Standing in the garage, in the dark and humidity, trying to change outdated hot to the touch fuses in the early morning hours when I know I have to get up in the morning is not my idea of a good time. The sweat was literally running down into my eyes. Still - I could not find anything wrong with any of the fuses.
So now what? I really hate to act like a girl about this, but you don't call the electric company if it's obviously something within your own house do you? Do you call your landlord and wake her up in the middle of the night? Not that I could find her phone number right now anyway. I am literally at a loss. So what do I do? Go to the one thing that is working for the moment, my laptop. It's on battery power so I will be turning it off soon, but I needed to rant!!!

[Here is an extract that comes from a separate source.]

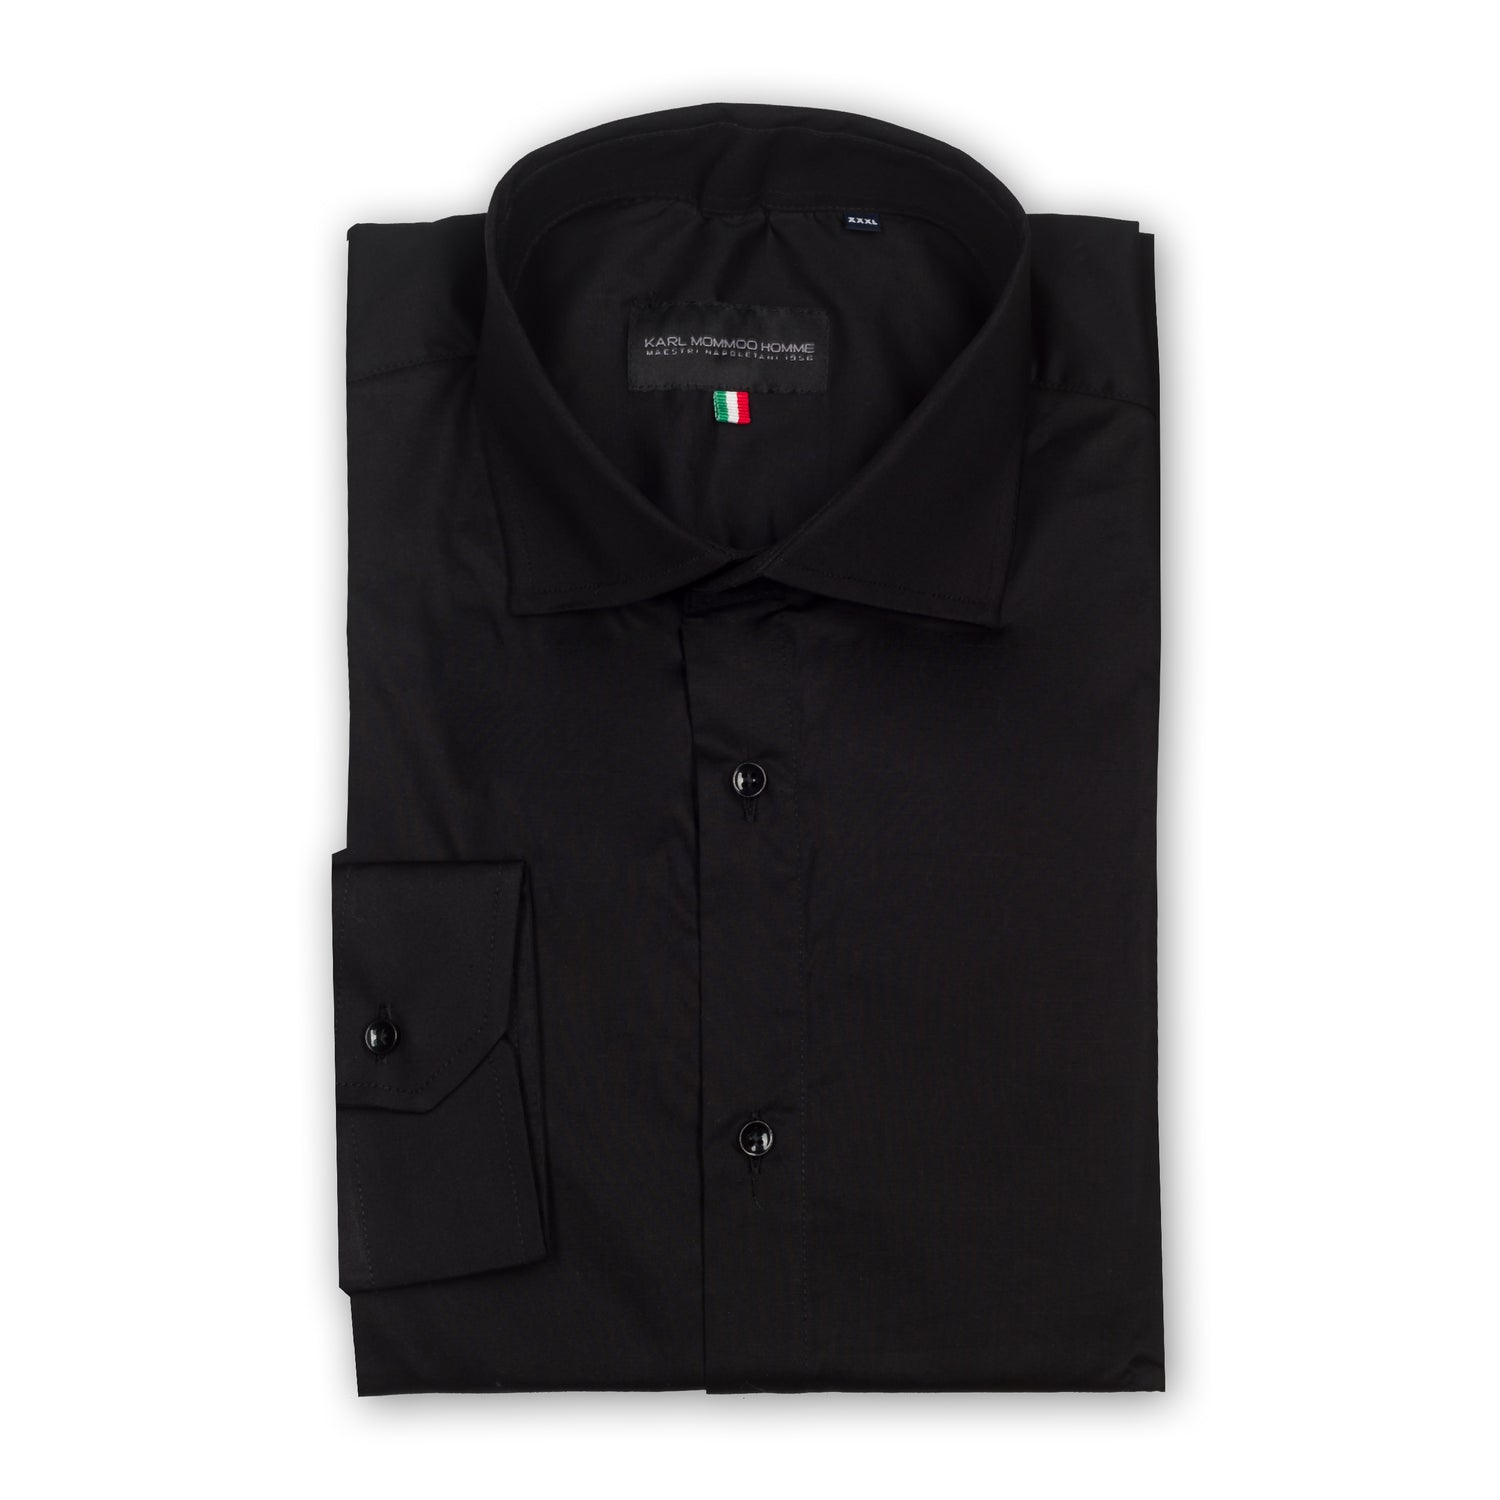 Karl Mommoo - Italienisches Herren-Hemd, schwarz, Baumwolle mit Elasthan, Modern Fit.

This is the one type of situation where I wish I had a male partner of some sort, here full time. When something breaks or needs lifting or something like that, I wouldn't mind a bit of testosterone around the house. And I might add that this is also the time when I am cursing out the former boyfriend who talked me into this house when I was looking for a place - with promises of - we'll do this to it - we'll do that - uh - yeah. I do not like this house and I have not liked it from the beginning. But right now I don't have a whole lot of options.
So - I will have to figure this out in the morning when I can at least see where I left my GOOD glasses, not this pair I managed to grab by the lenses from an end table. Silly though, I don't want to turn off my computer. I go to bed with the TV on every night, with a sleep timer. Turning off my computer really makes it dark and well - boring! I guess I like to be entertained to sleep. But I have to turn it off for now.
Good night all - hope your night is better than mine!